## WHAT THIS TASK INVOLVES
Reproduce, with no changes, the line that contains "18kt rose gold" and all the lines that come after it in the records.

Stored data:
——

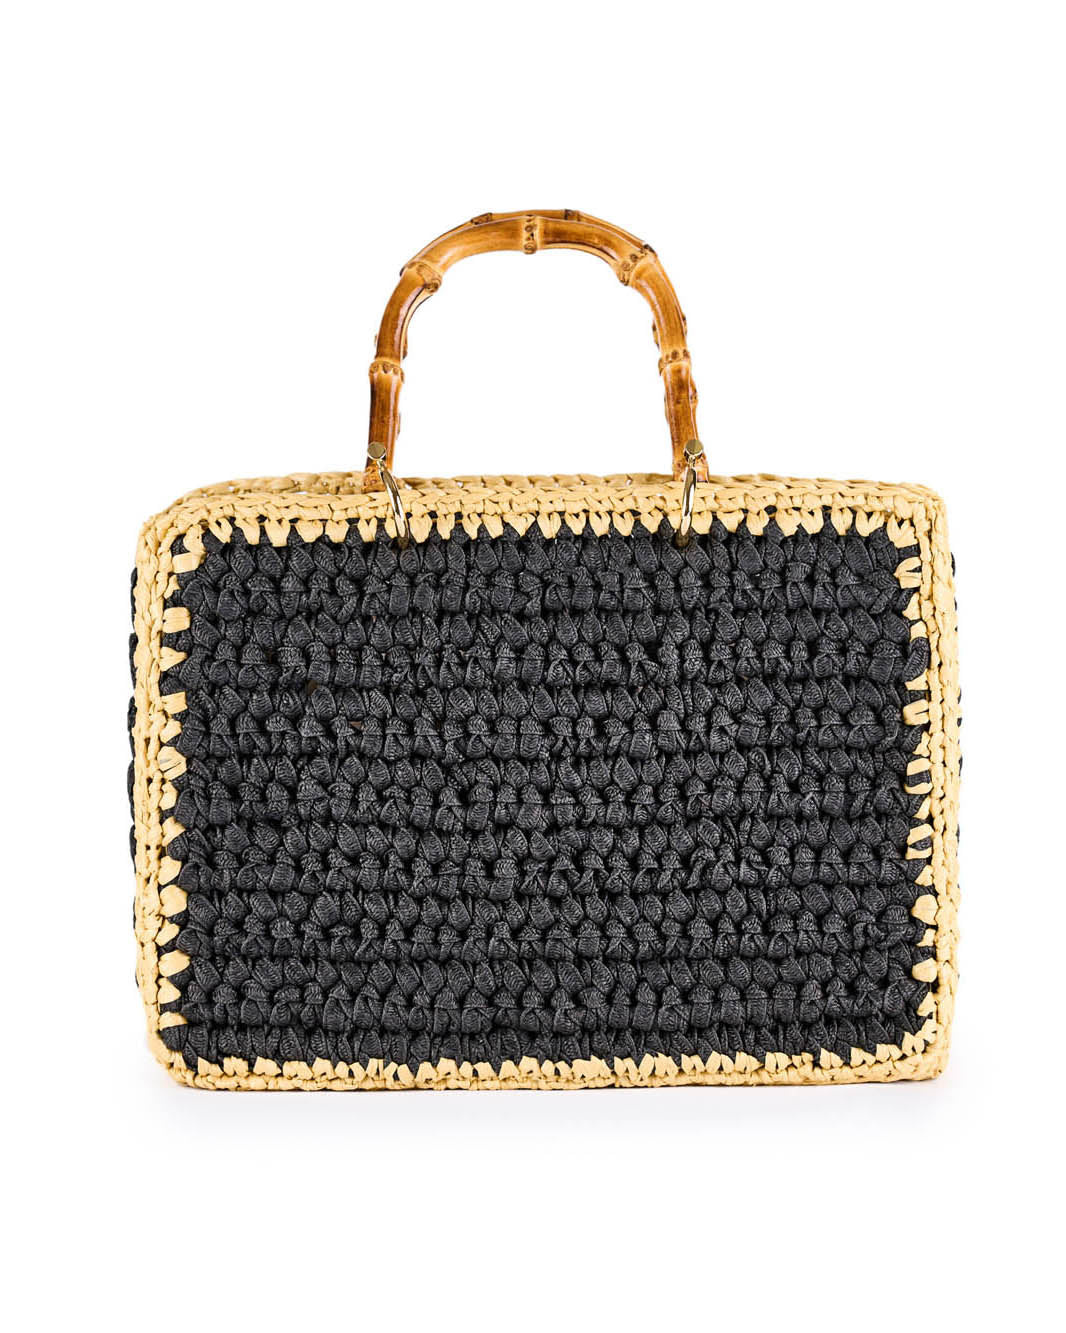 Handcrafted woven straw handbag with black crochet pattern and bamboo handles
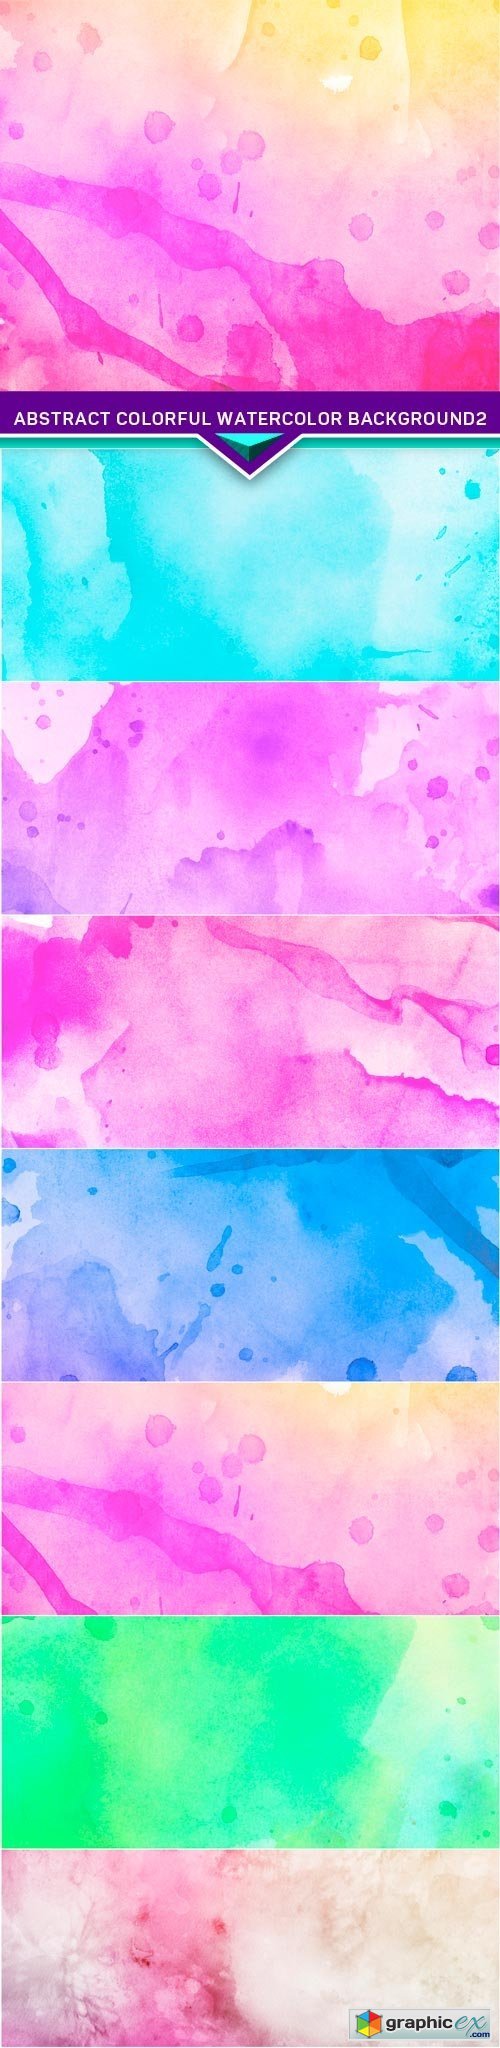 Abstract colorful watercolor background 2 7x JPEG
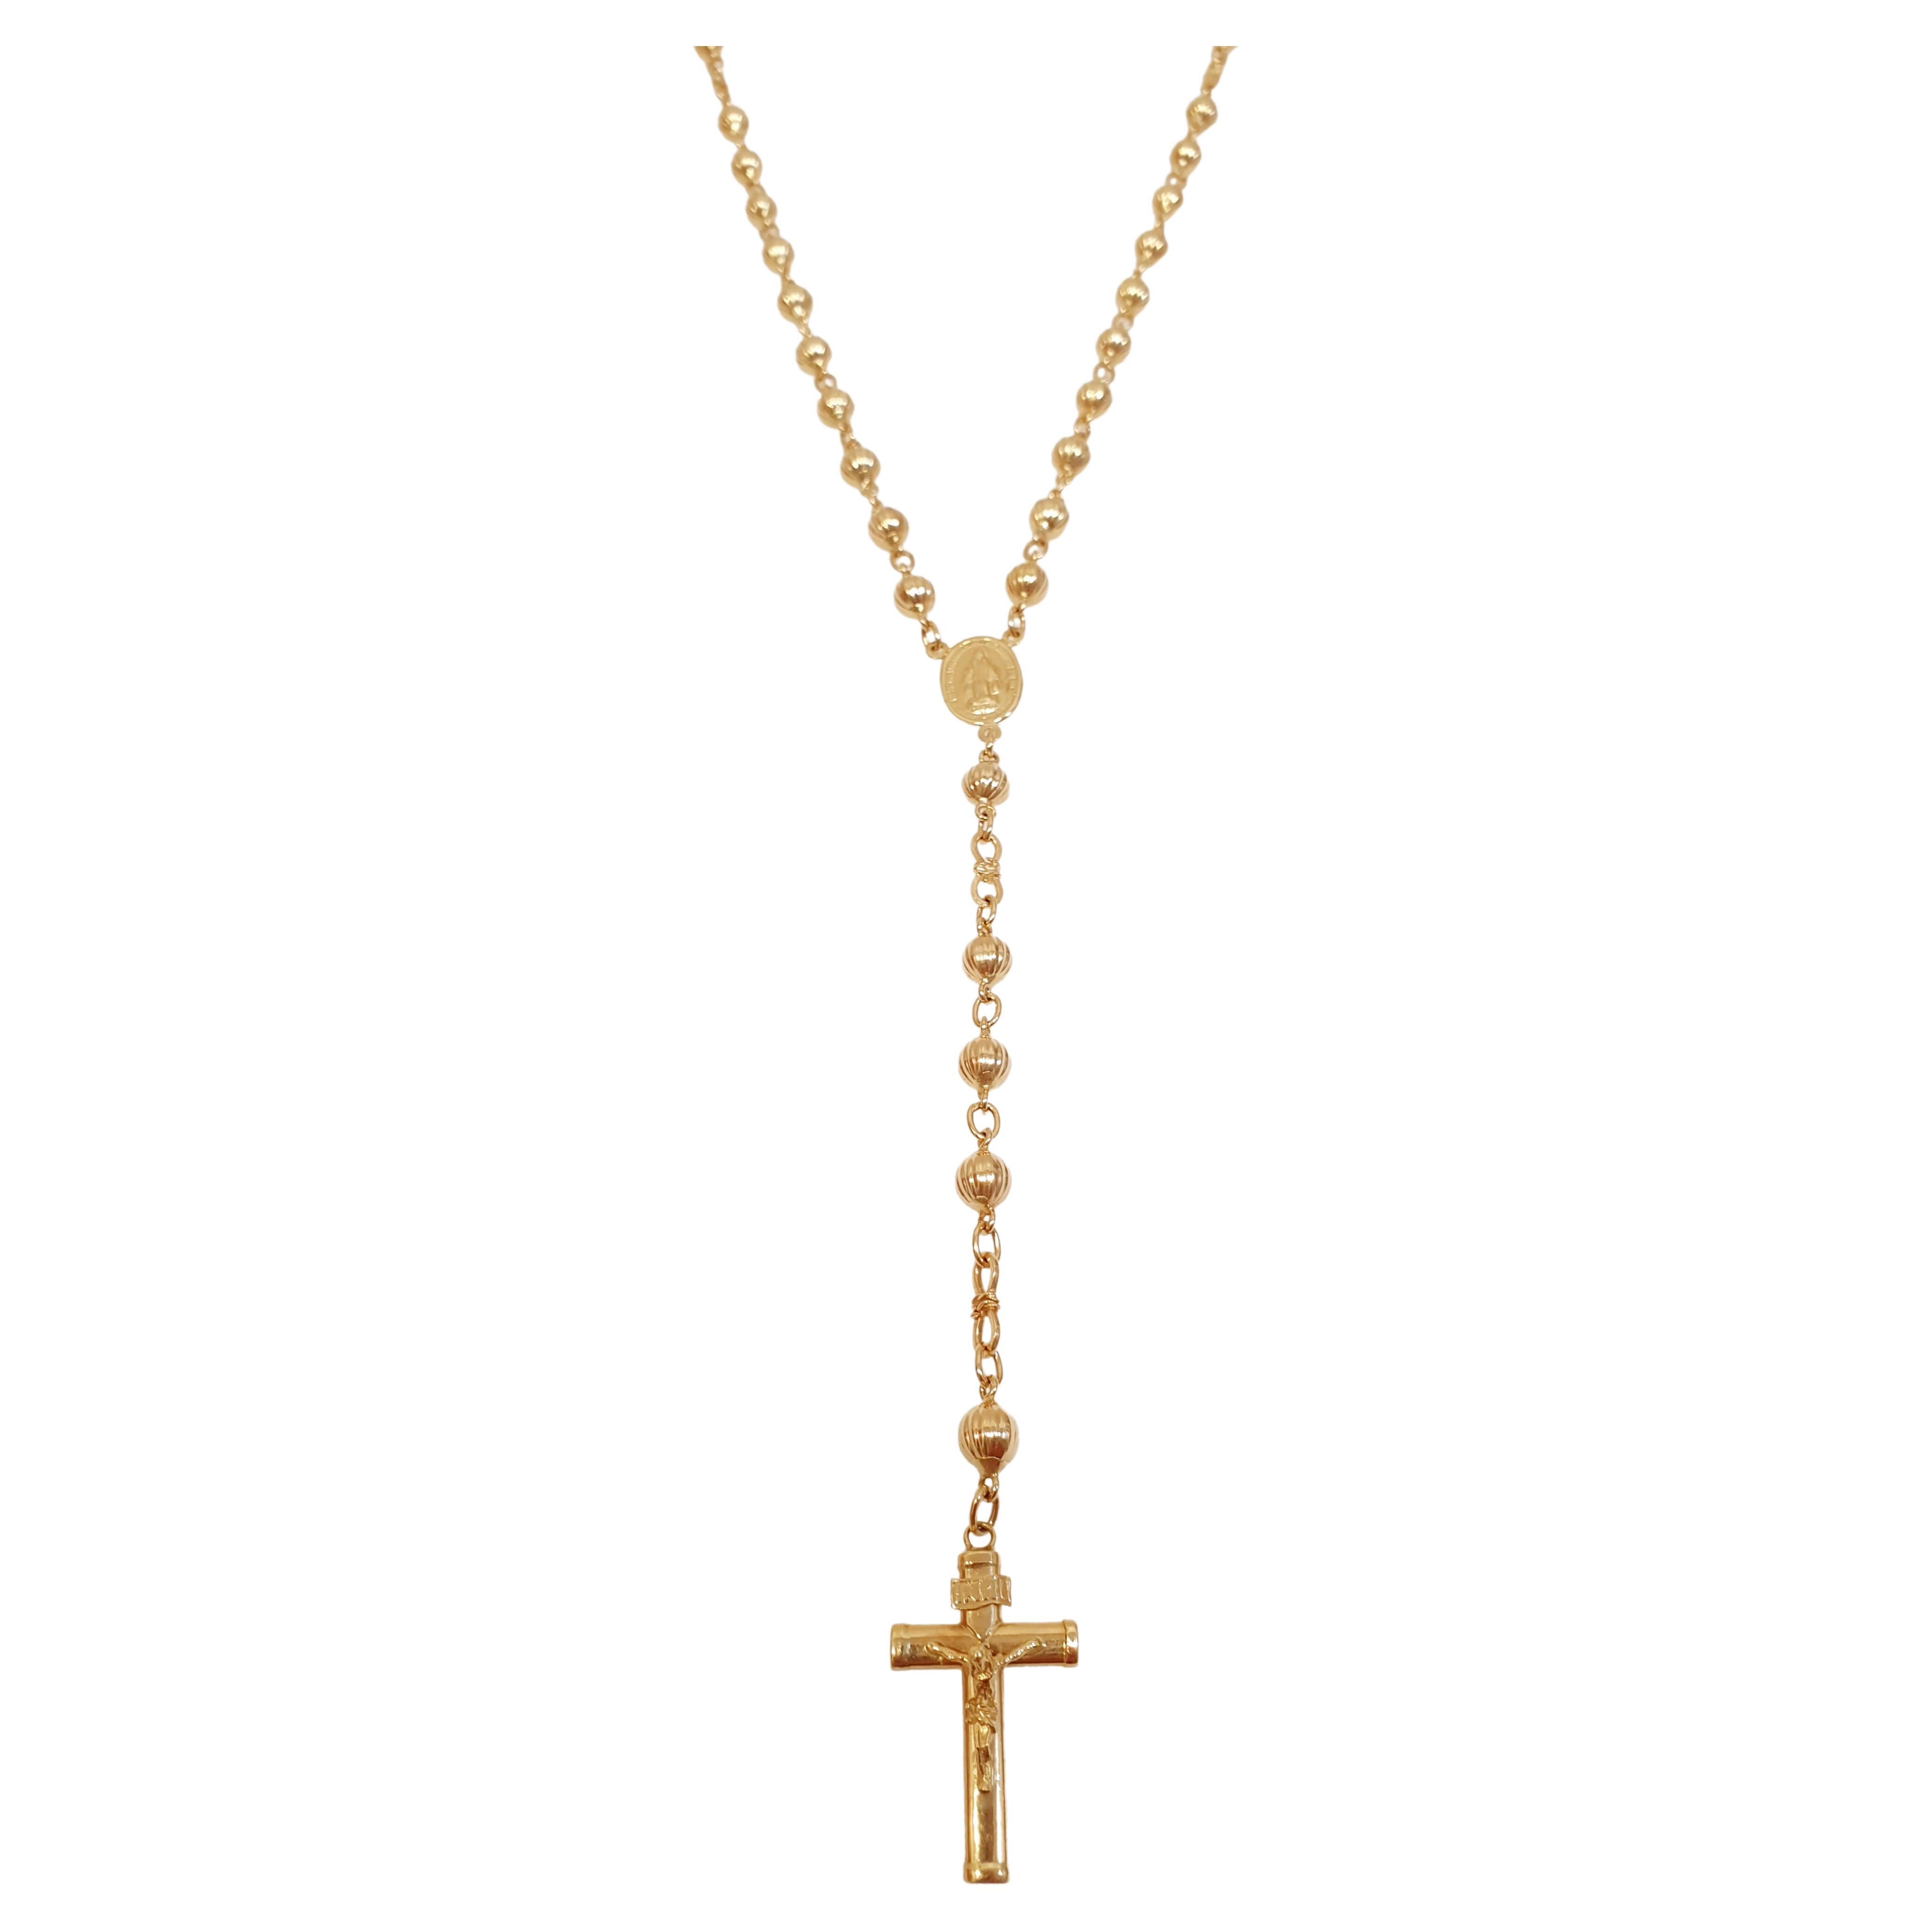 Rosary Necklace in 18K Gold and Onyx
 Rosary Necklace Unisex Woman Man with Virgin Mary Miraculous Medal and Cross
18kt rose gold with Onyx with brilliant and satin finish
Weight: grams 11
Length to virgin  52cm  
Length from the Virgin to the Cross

——

## RESULT OF THE EXERCISE
18kt rose gold with Onyx with brilliant and satin finish
Weight: grams 11
Length to virgin  52cm  
Length from the Virgin to the Cross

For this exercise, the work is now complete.